Parmi les changements, le plus marquant est l’apparition de plusieurs personnages aux caractéristiques complémentaires. Il faut utiliser celui dont les aptitudes sont
les plus appropriées au challenge à relever. Mario pourra voler, Luigi courir sur l’eau, et Yoshi cracher des flammes par exemple. Le design est réussi, et les
évolutions que le jeu a avec Mario 64 ne sont pas source de mauvaises surprises. Changer de personnage, si celui que l’on dirige se révèle inapproprié se fera en
dénichant une casquette, une par héros, et en la mettant.
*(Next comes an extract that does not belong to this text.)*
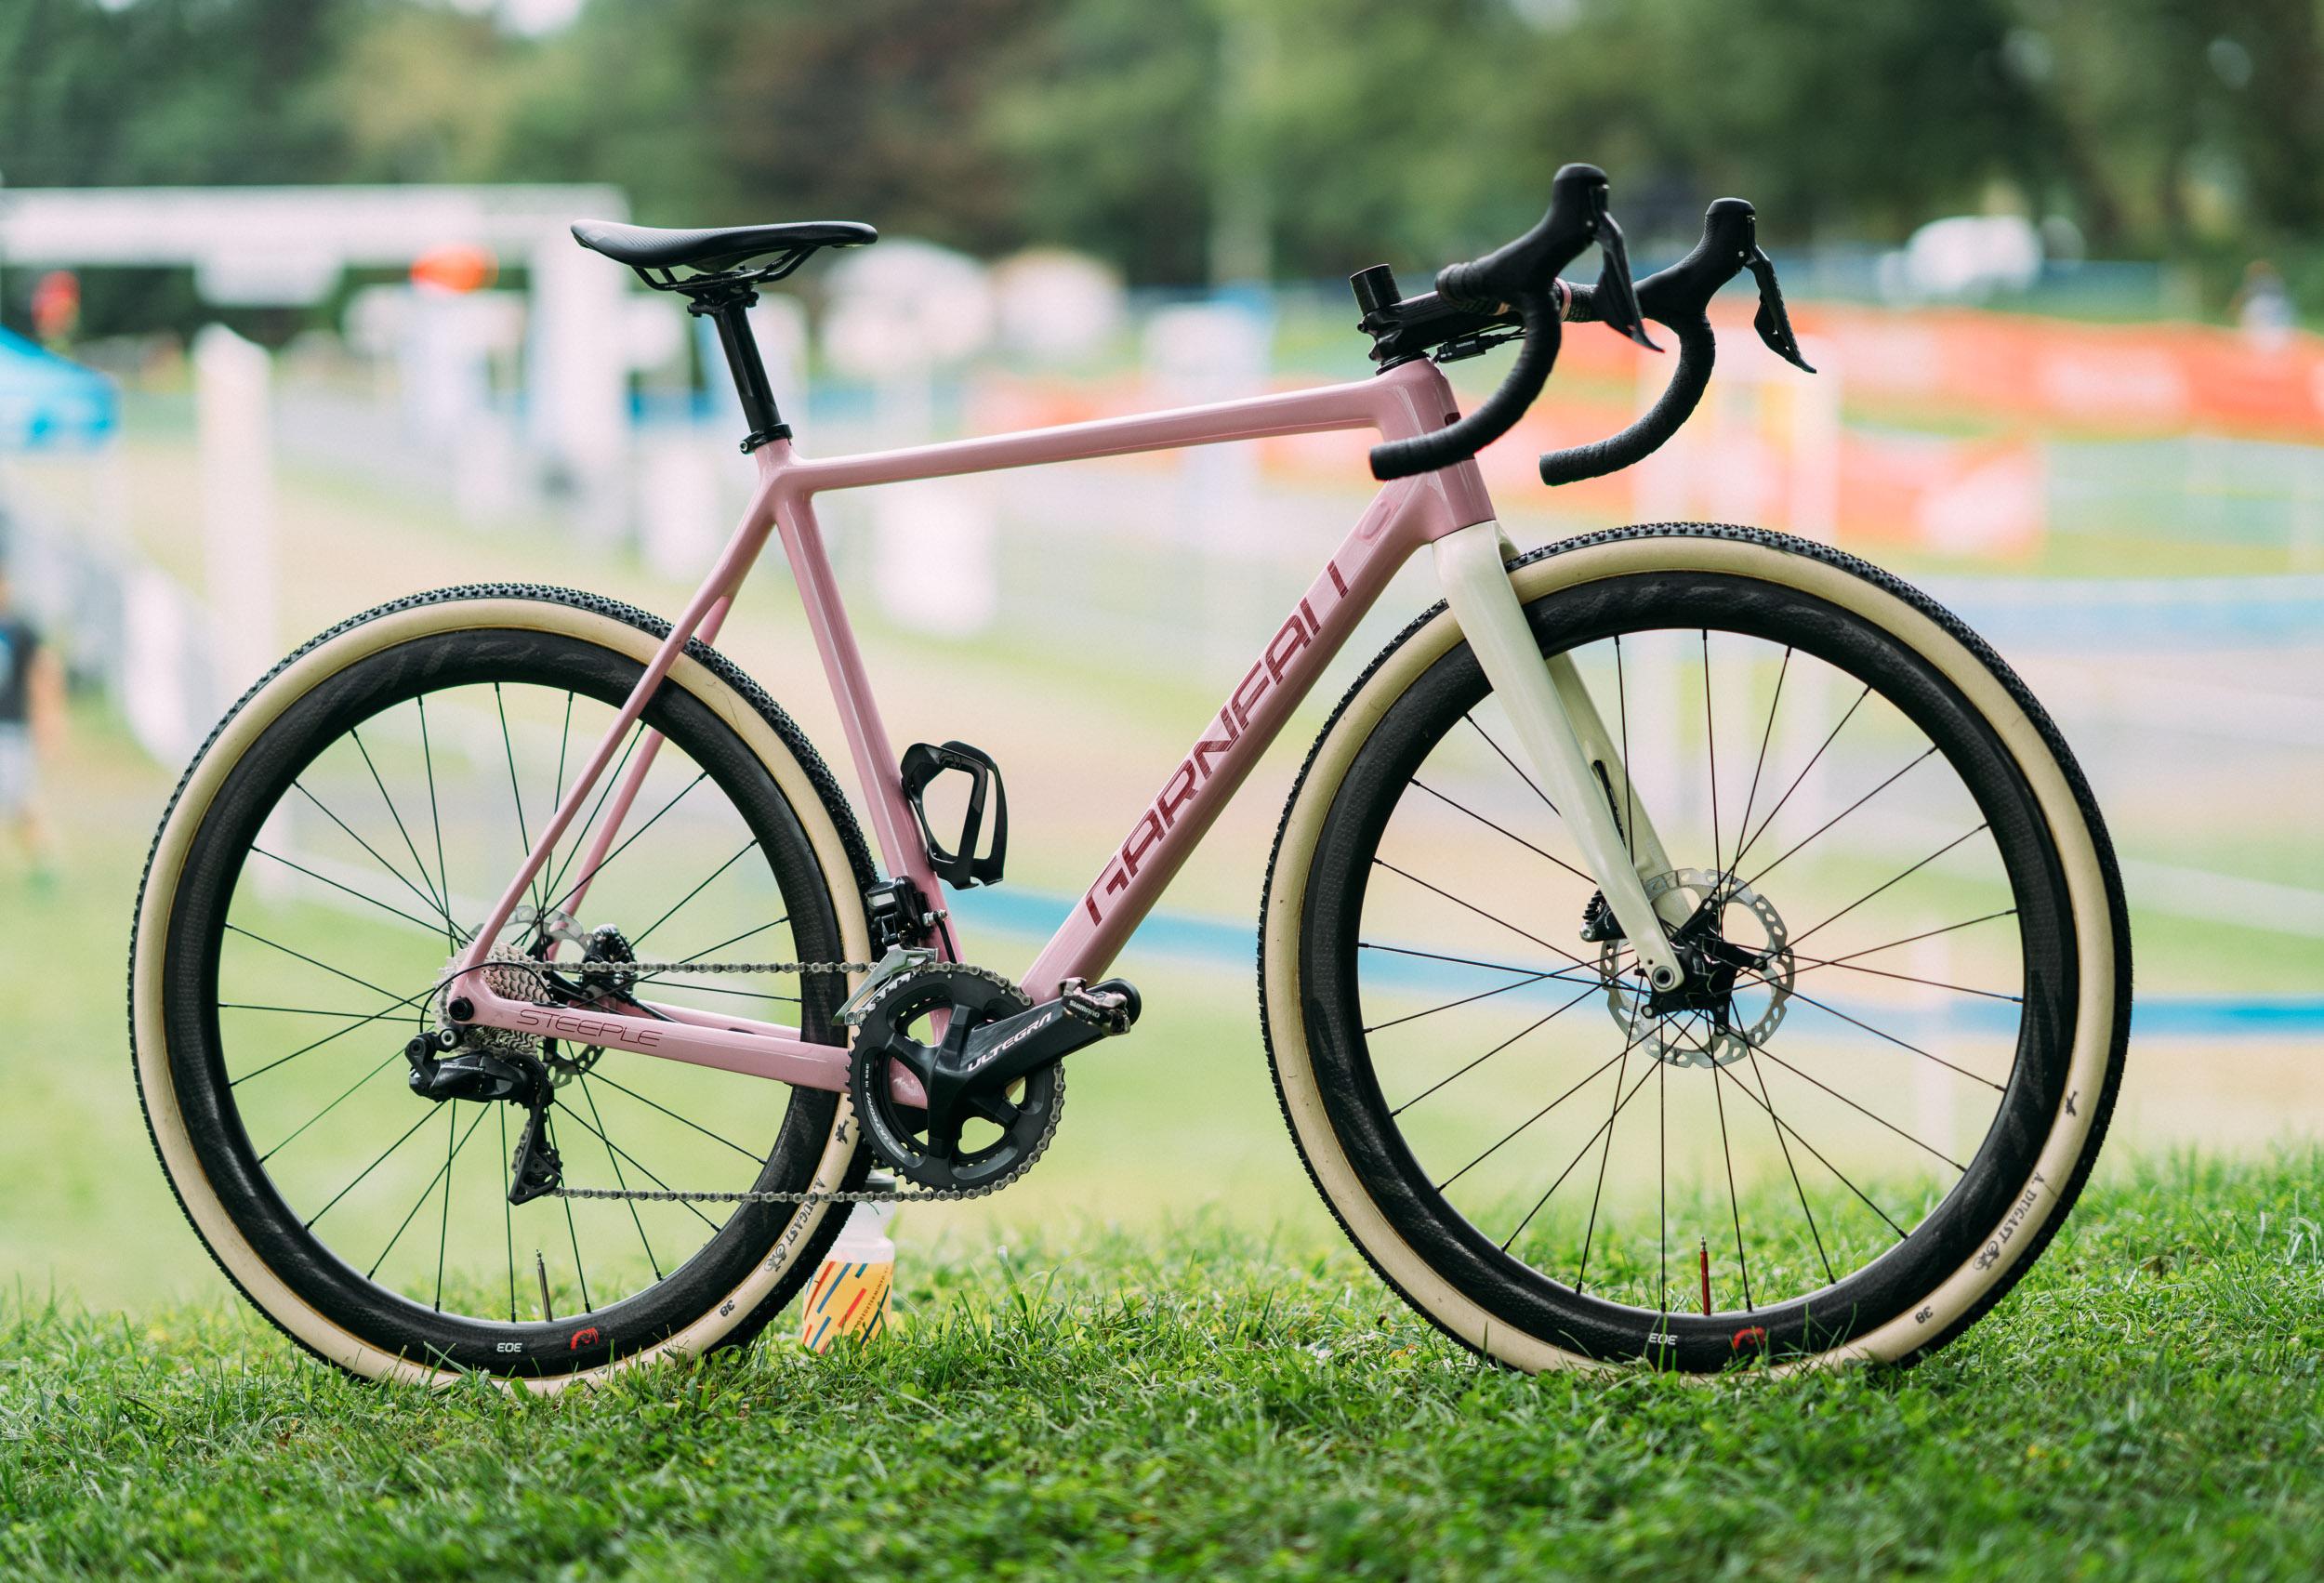 photo-rhetoric-to-be-determined-pink-garneau-steeple-cyclocross-bike-2010.jpg

Très vite, on se prend à la folie de vouloir ramasser absolument toutes les étoiles, et l’on revient
inlassablement dans les tableaux jusqu’à ce que tous les challenges soient relevés. De ce point de vue, ce n’est pas une mince affaire, car des 120 étoiles de la
version originale, nous sommes passés à 150 ! Enfin, en plus du mode aventure, une série de 8 mini-jeux est disponible dès le démarrage, des dizaines sont à
débloquer. Inégaux, mais hypnotiques, on passe des heures entières à chercher un personnage ou effeuiller une marguerite.
L' écran tactile sert à afficher une carte du niveau et à indiquer où se situent les étoiles restantes à collecter. L' écran tactile permet également, via le stylet, de
remplacer la croix directionnelle pendant que les boutons de la console serviront aux diverses actions, sauts, coups, .... La prise en main n' est pas immédiate mais
devient vite instinctive avec le temps.
Pour conclure, Nintendo sait tirer profit de la puissance de la Nintendo DS, une puissance comparable à celle de la Nintendo 64, en sortant une version de Mario
réussie, par son gameplay, sa richesse, ...; et Nintendo a même ajouté des extras, pour rajouter du fun au jeu. Après avoir exploité stylet et écran tactile, Nintendo
n'oublie pas le multijoueur. Mario 64 DS comprend donc quelques mini-jeux jouables à 4, sans câble et avec une seule cartouche, les données se trouvant partagées
par les DS. Par contre, et c' est dommage, bien qu'amusants un temps, les mini-jeux deviennent lassants.